▶ [EXERCISE DIRECTIONS] The listing below has to be output exactly as given, less its pictures.

▶ [DATASET EXCERPT]

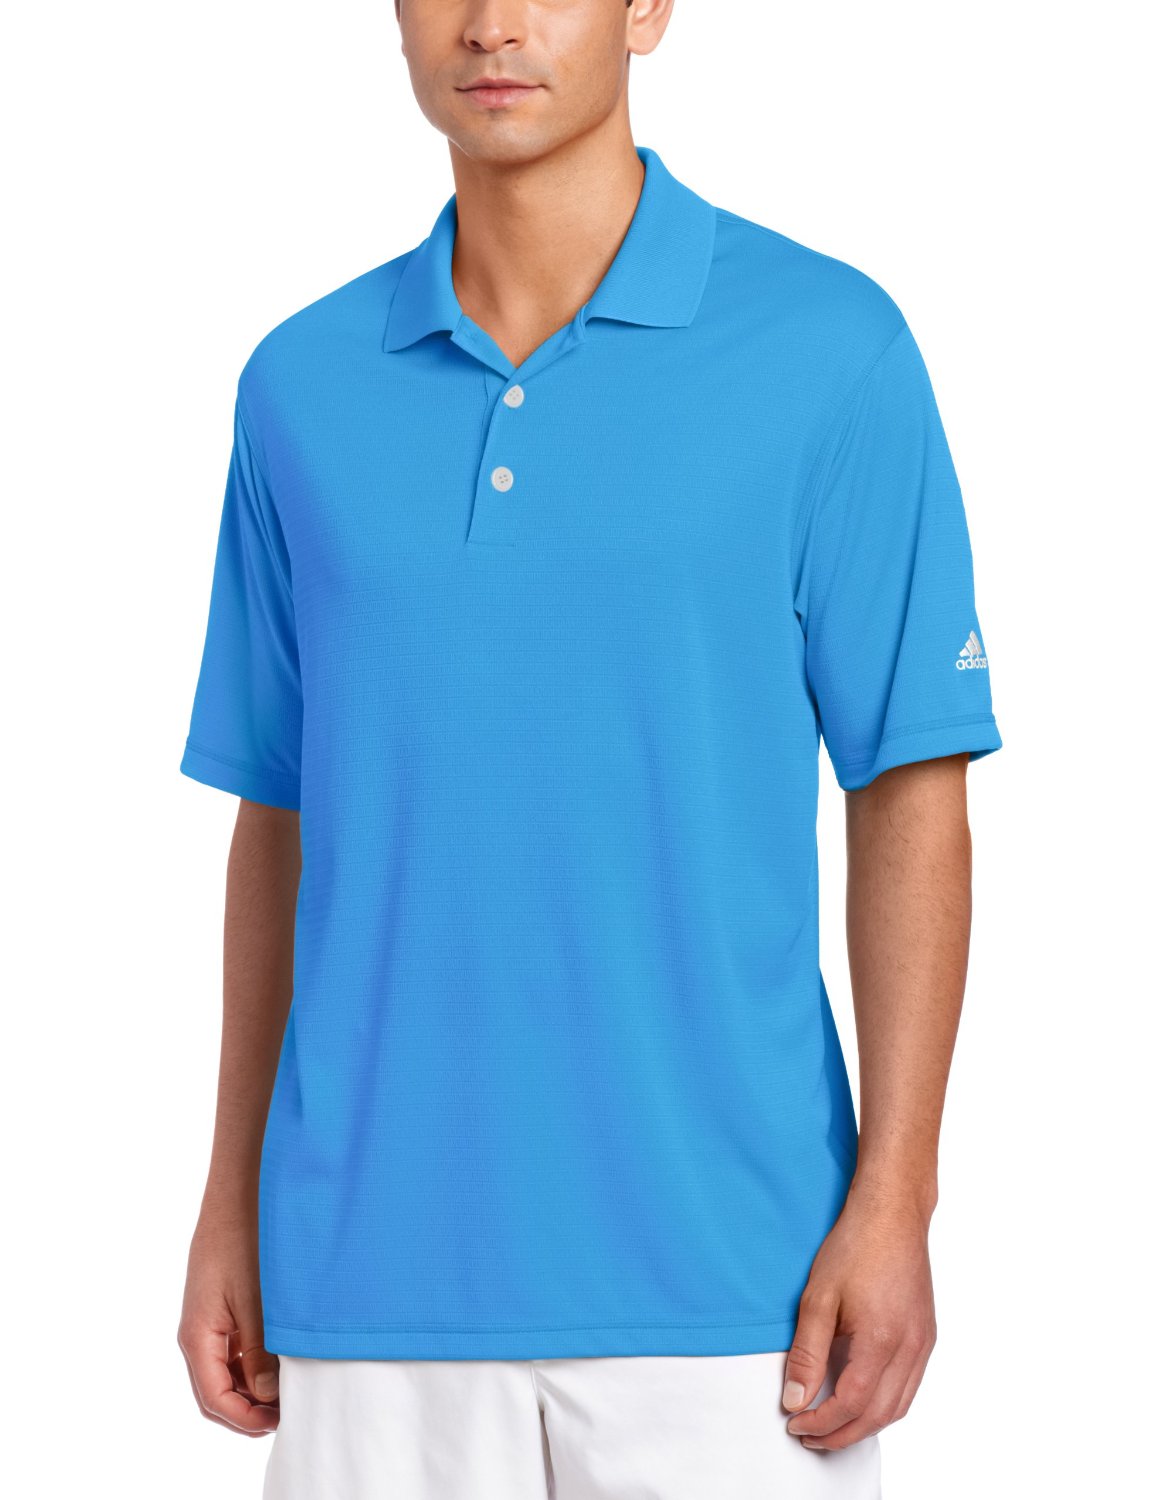 Adidas Climalite Solid Golf Polo Shirts
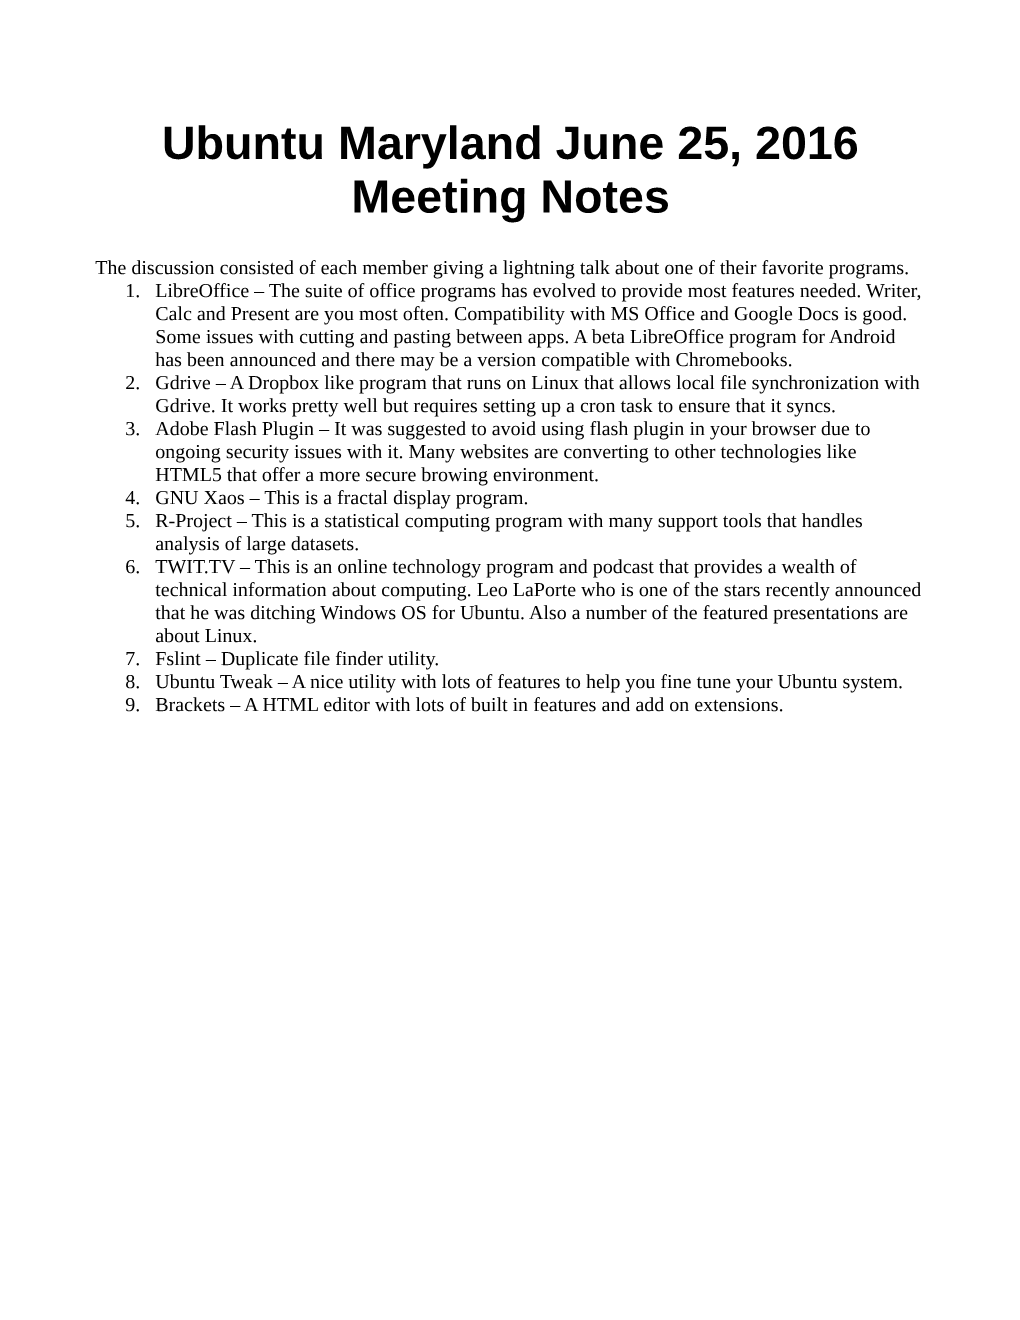 Ubuntu Maryland June 25, 2016 Meeting Notes
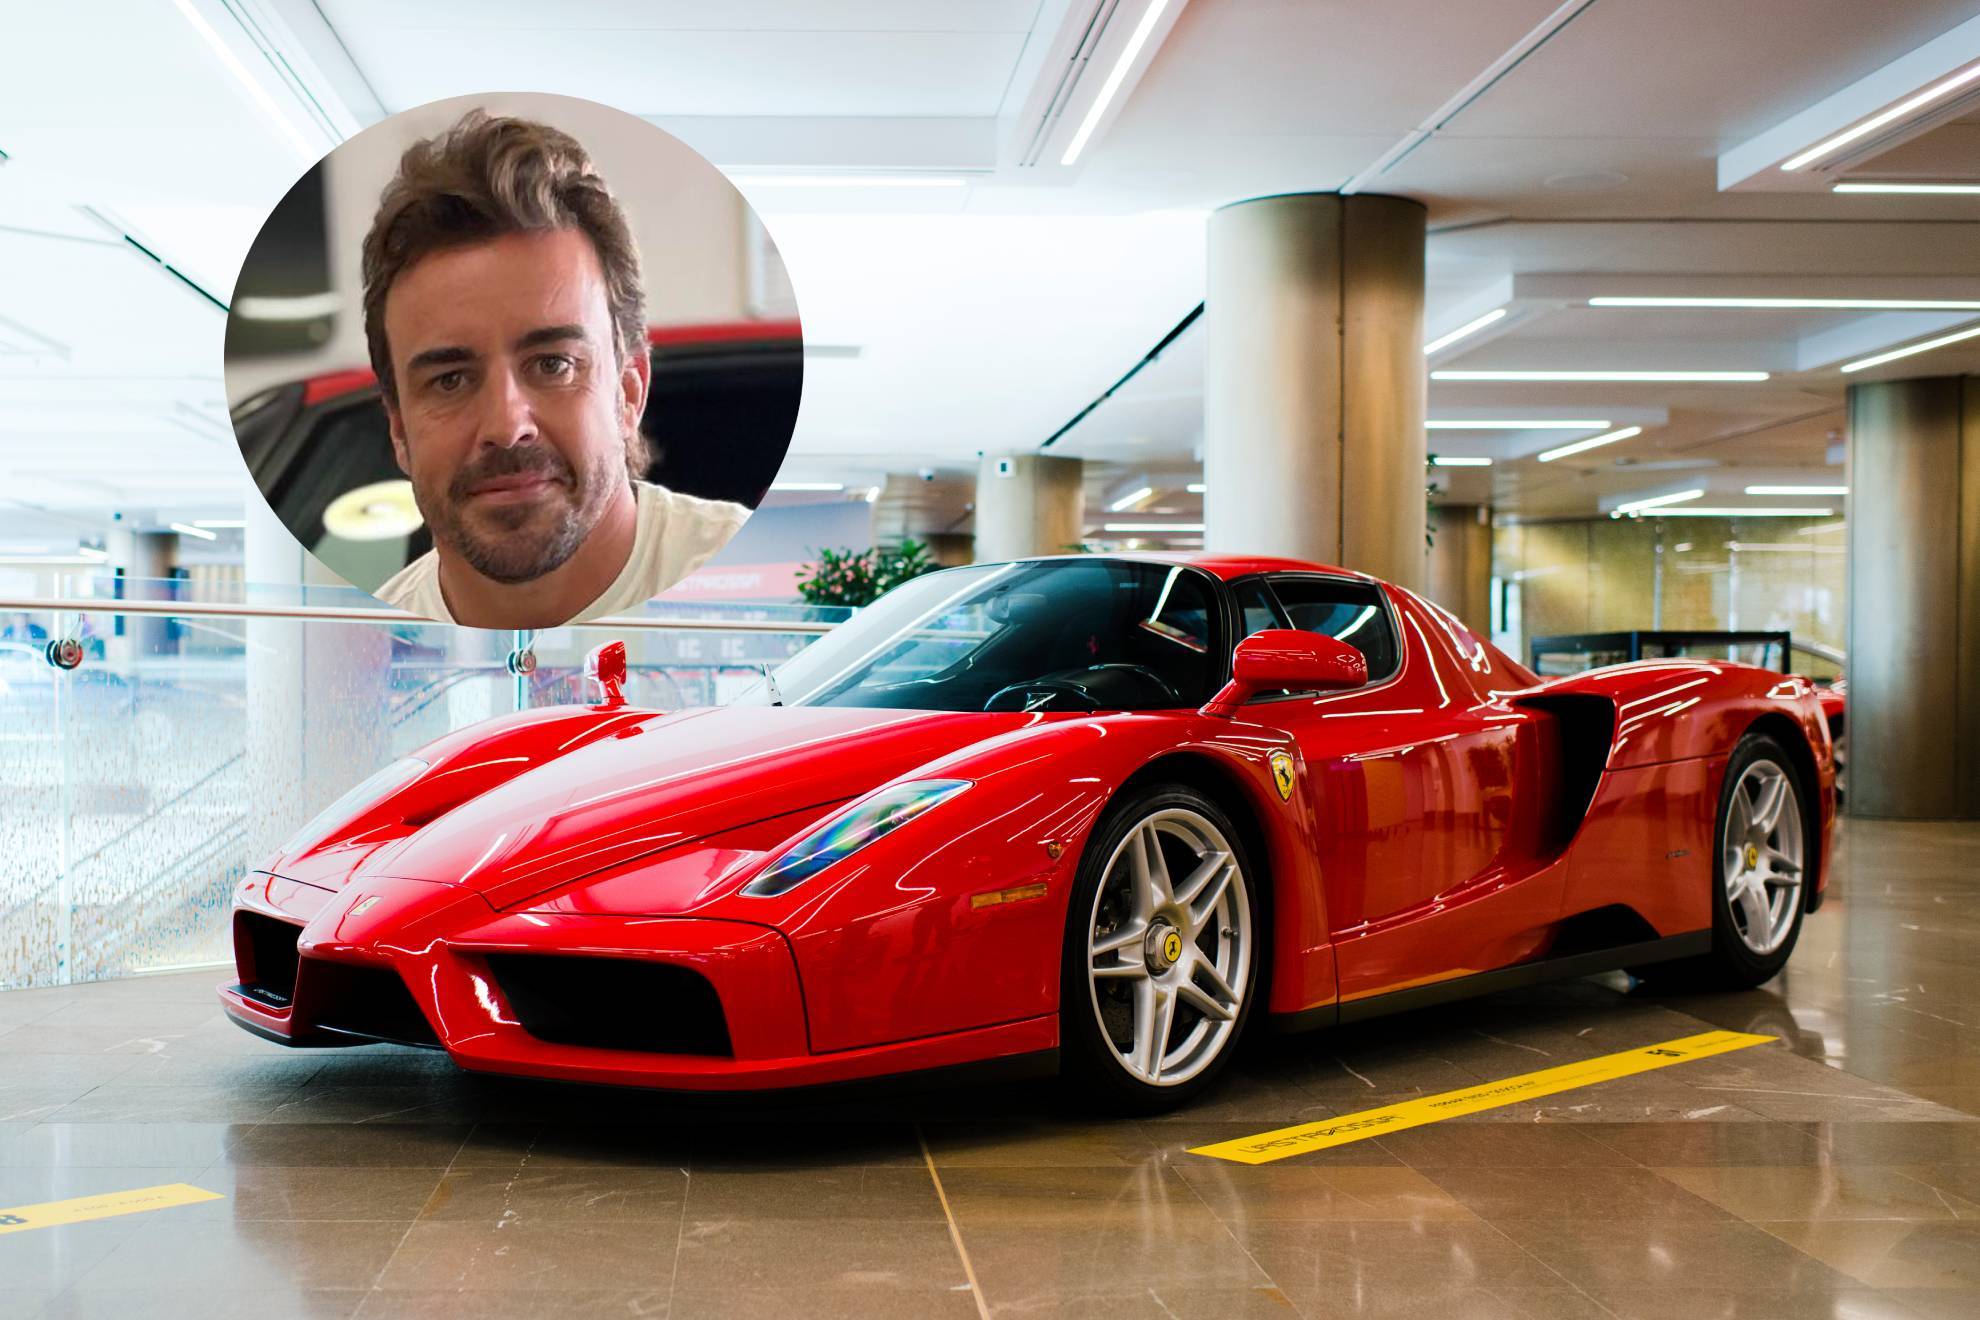 Fernando Alonso - Ferrari Enzo - 5,4 millones - Monaco Car Auctions - subasta

▶ [ANSWER BOX]
 Adidas Climalite Solid Golf Polo Shirts
 Ubuntu Maryland June 25, 2016 Meeting Notes
 Fernando Alonso - Ferrari Enzo - 5,4 millones - Monaco Car Auctions - subasta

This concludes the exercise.